Segment Start: Supplied data

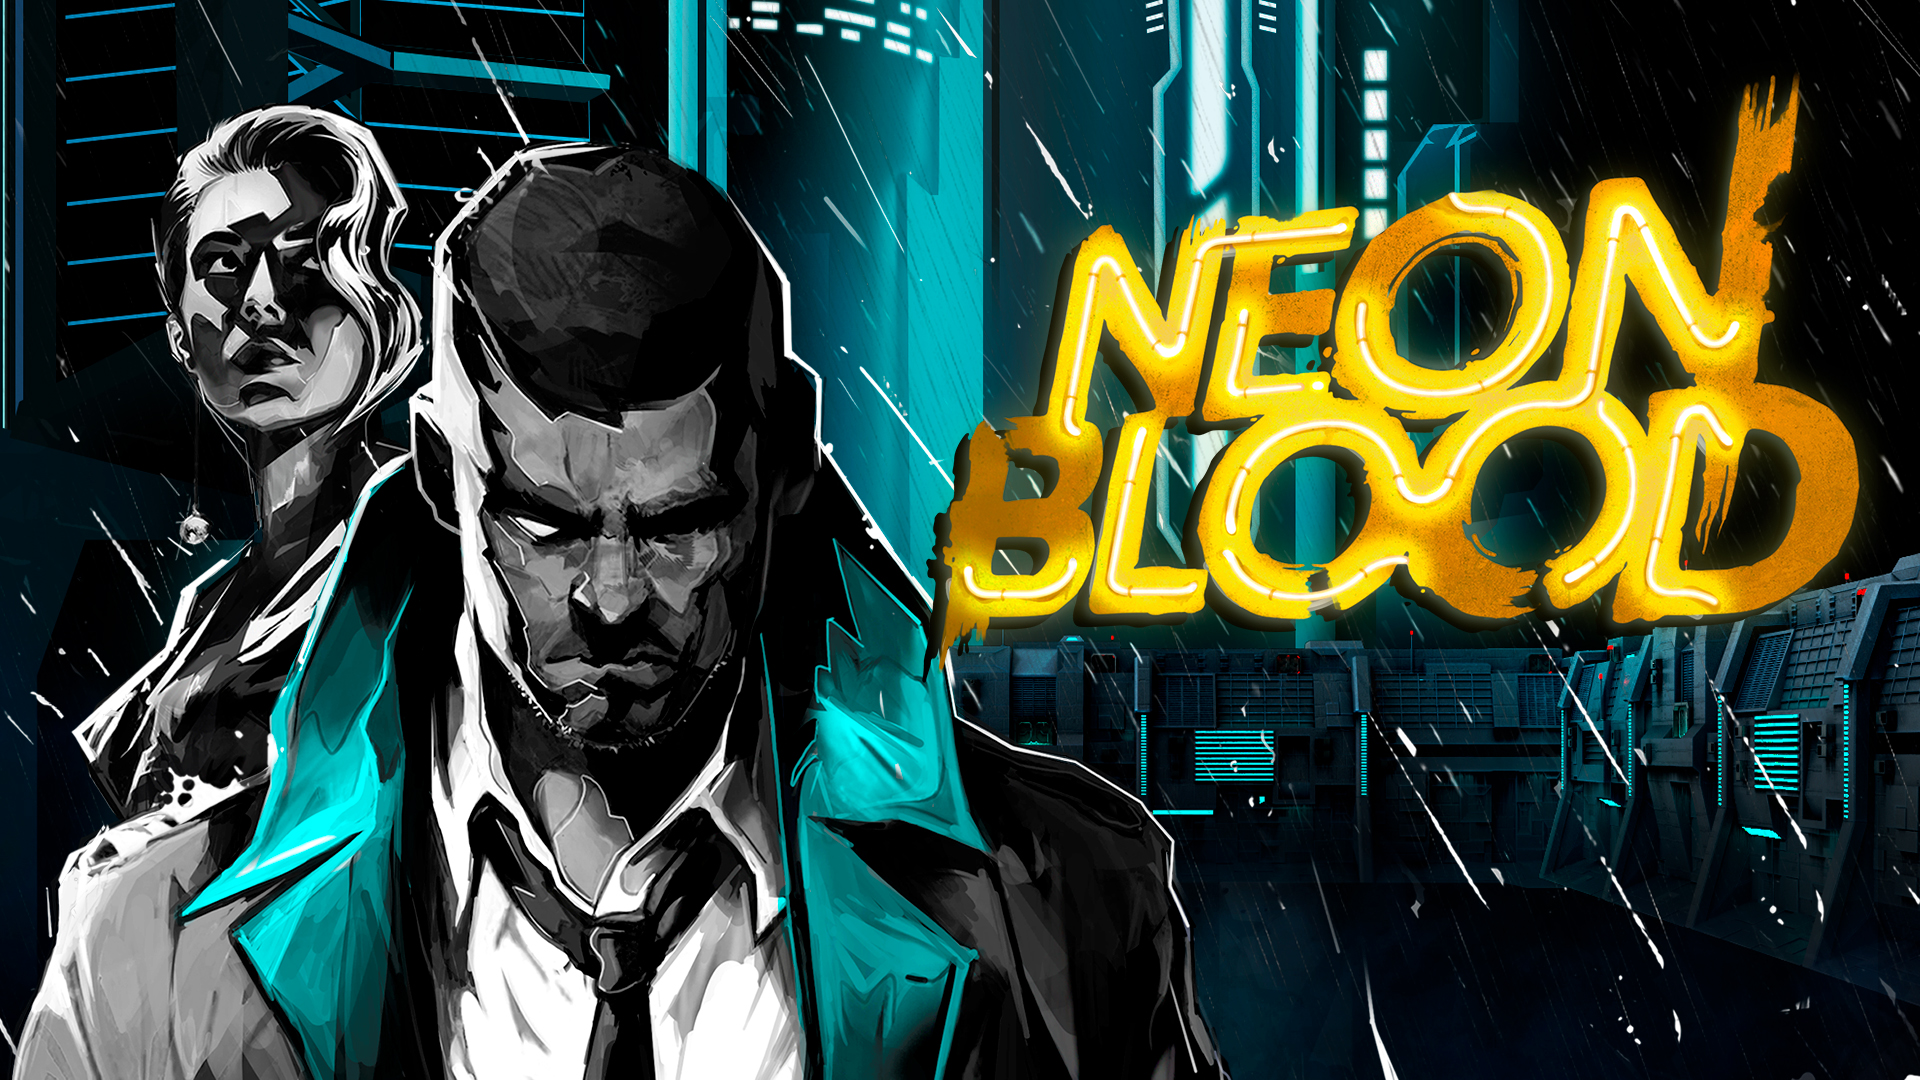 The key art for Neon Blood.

Segment End: Supplied data
Segment Start: Supplied data

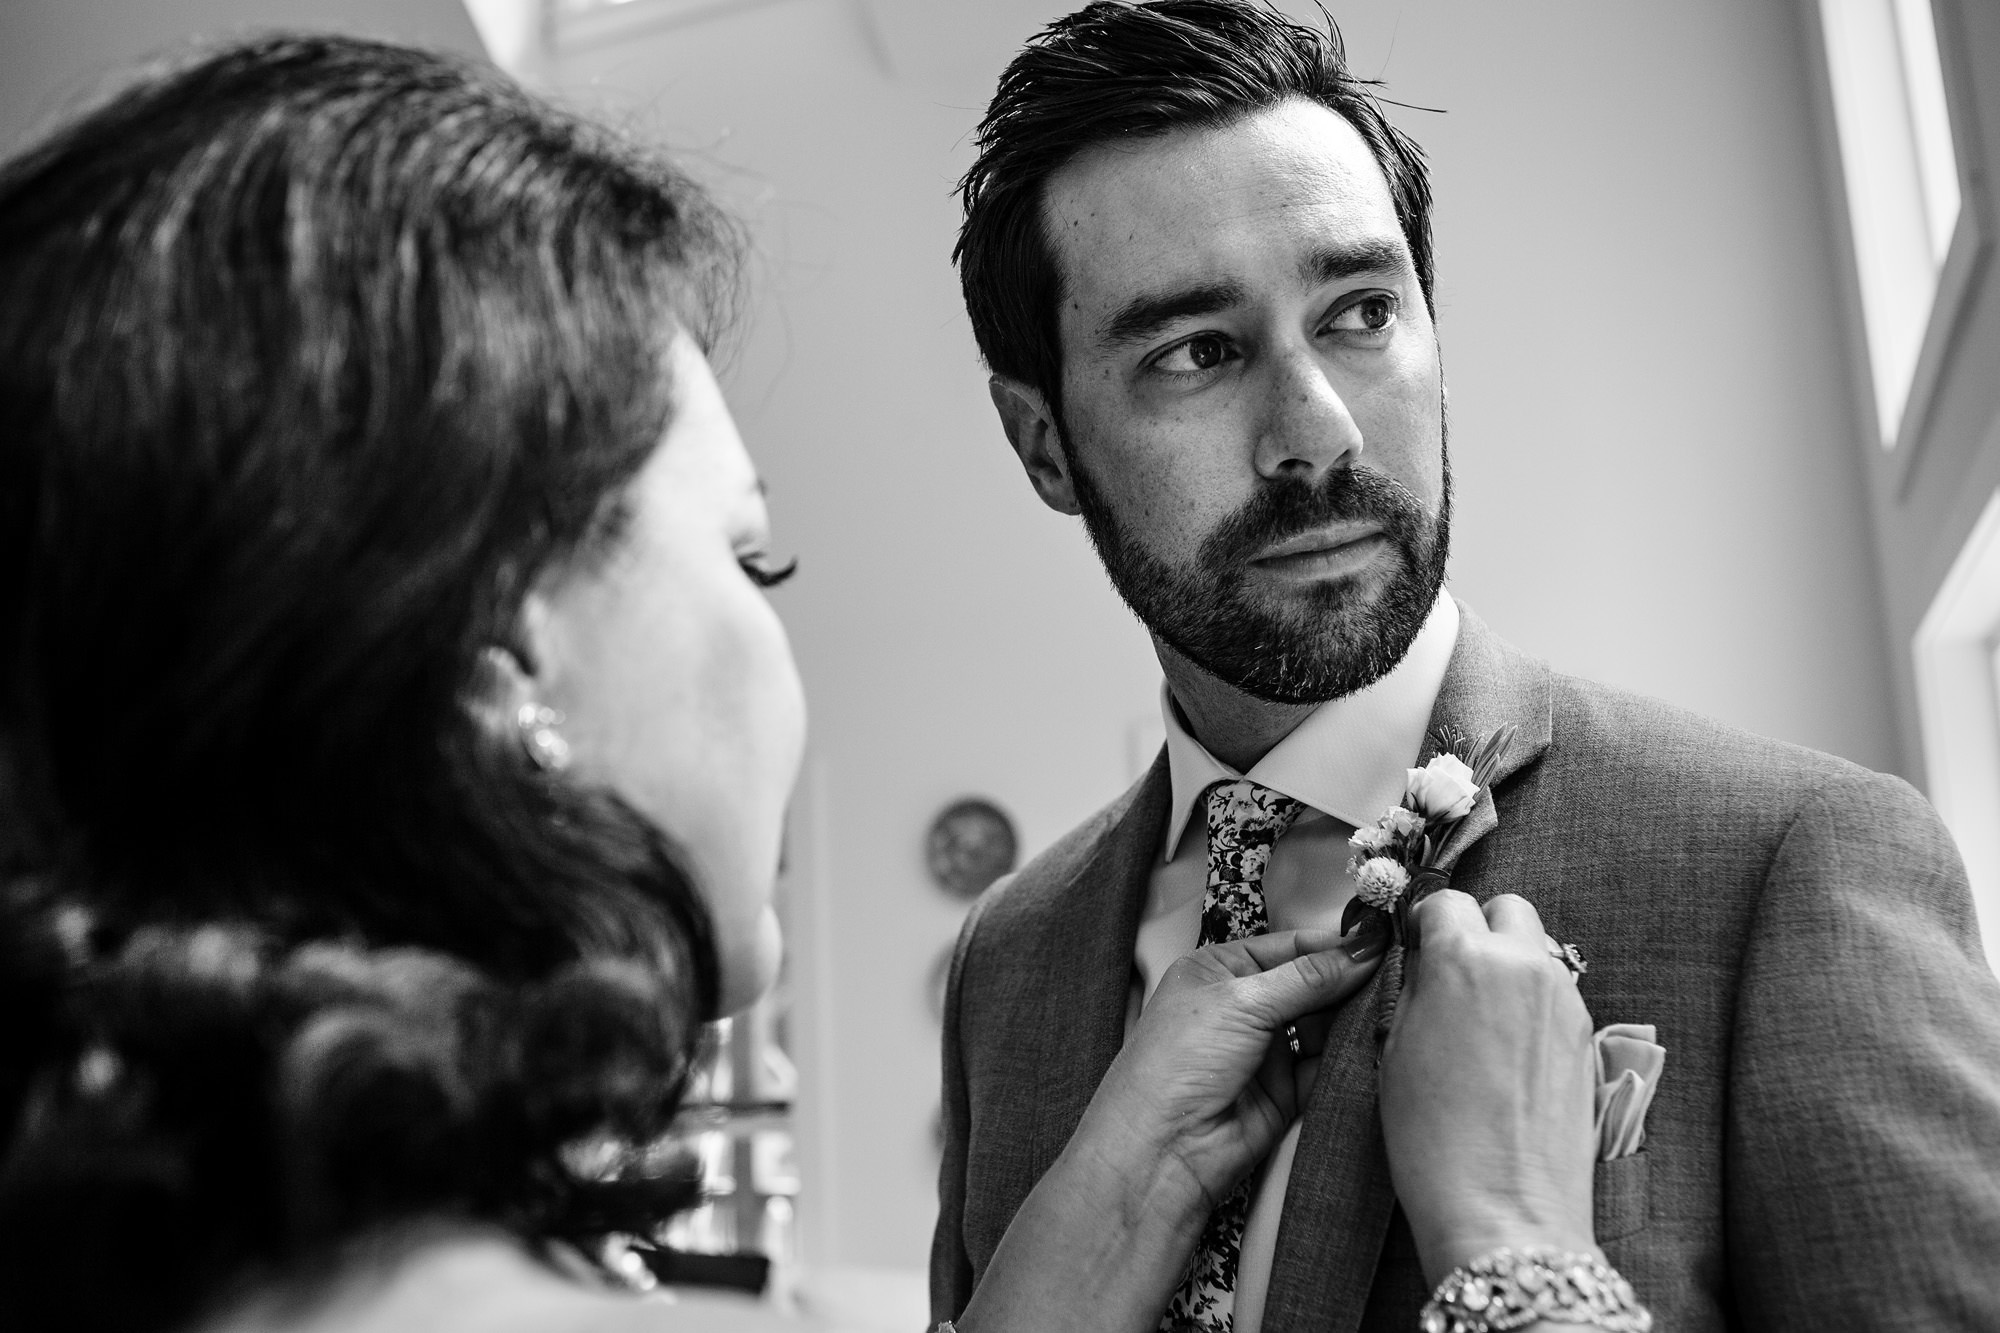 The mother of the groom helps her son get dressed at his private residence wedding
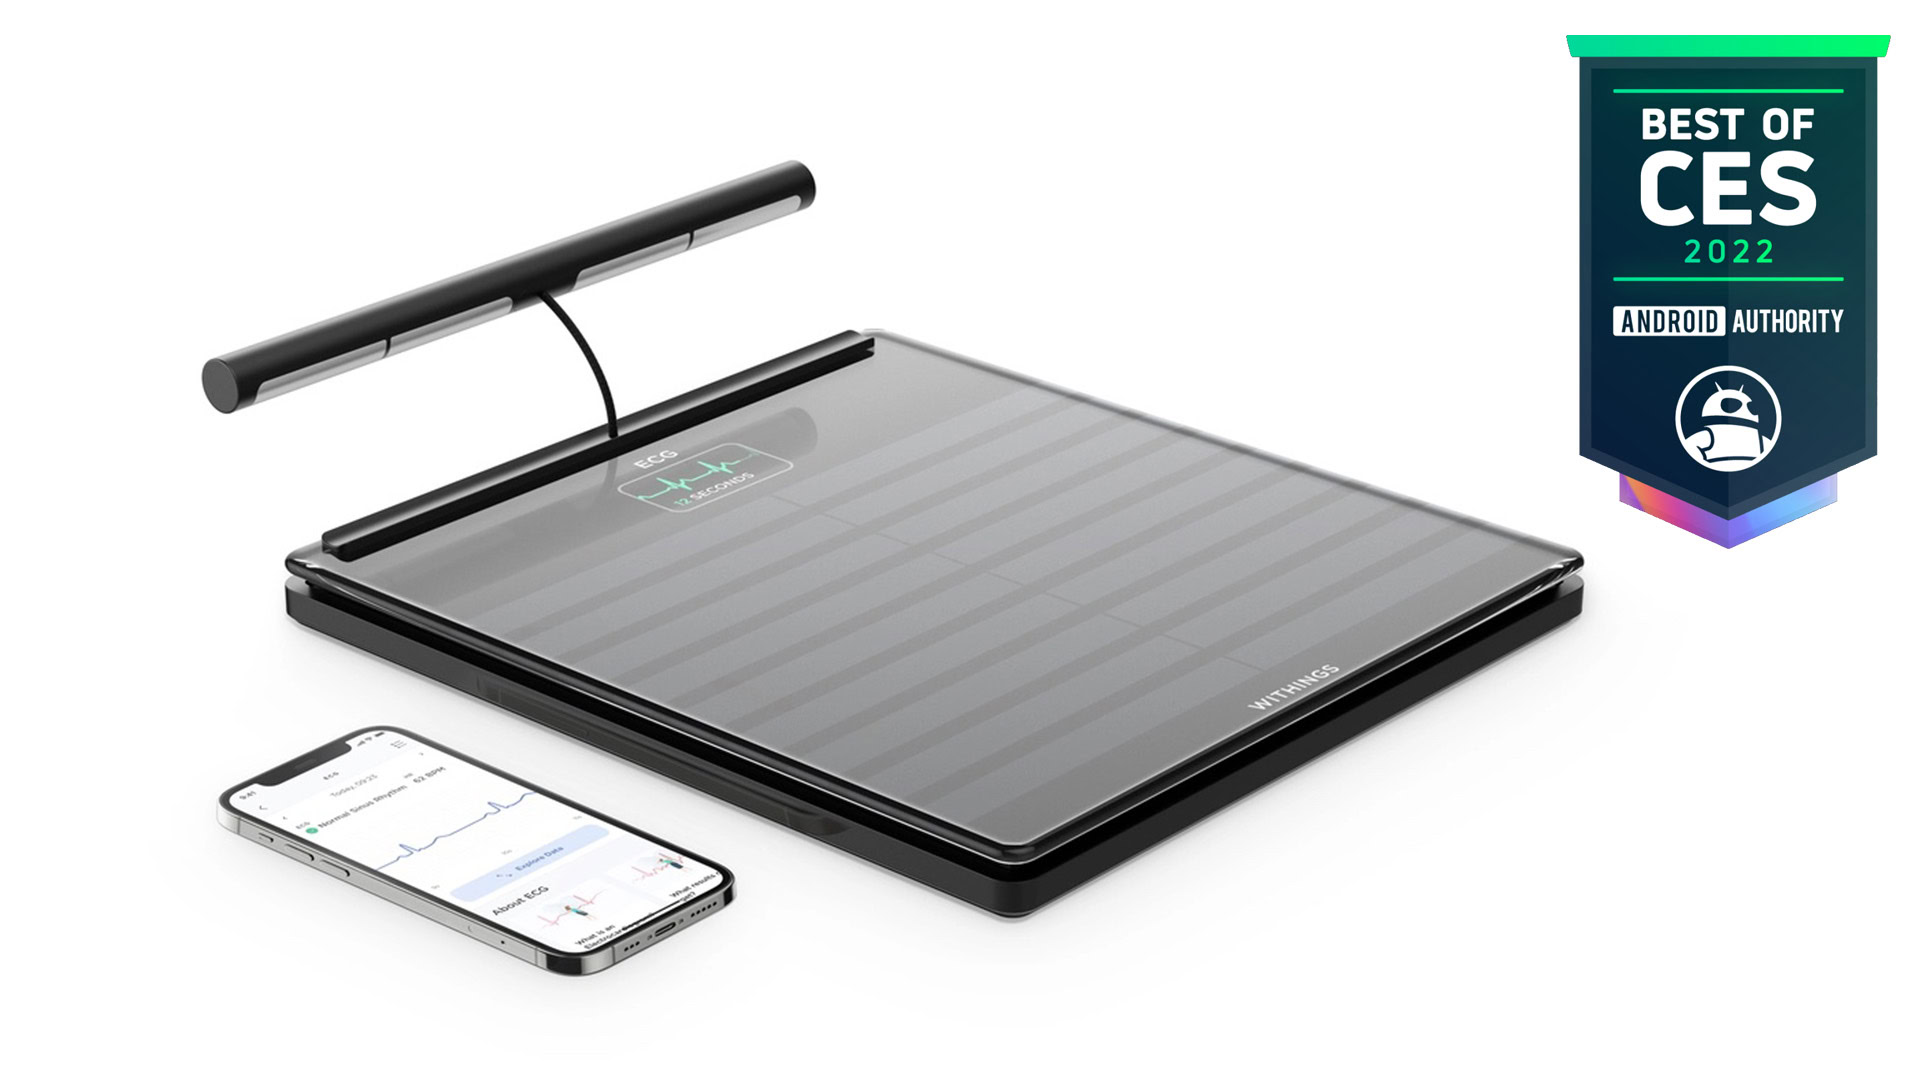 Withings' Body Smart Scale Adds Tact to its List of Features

Segment End: Supplied data

What the task asks: Write out again exactly the lines above from the one with "The mother of" through the one with "Withings' Body Smart", adding no other lines and no pictures.

Exercise answer:
 The mother of the groom helps her son get dressed at his private residence wedding
 Withings' Body Smart Scale Adds Tact to its List of Features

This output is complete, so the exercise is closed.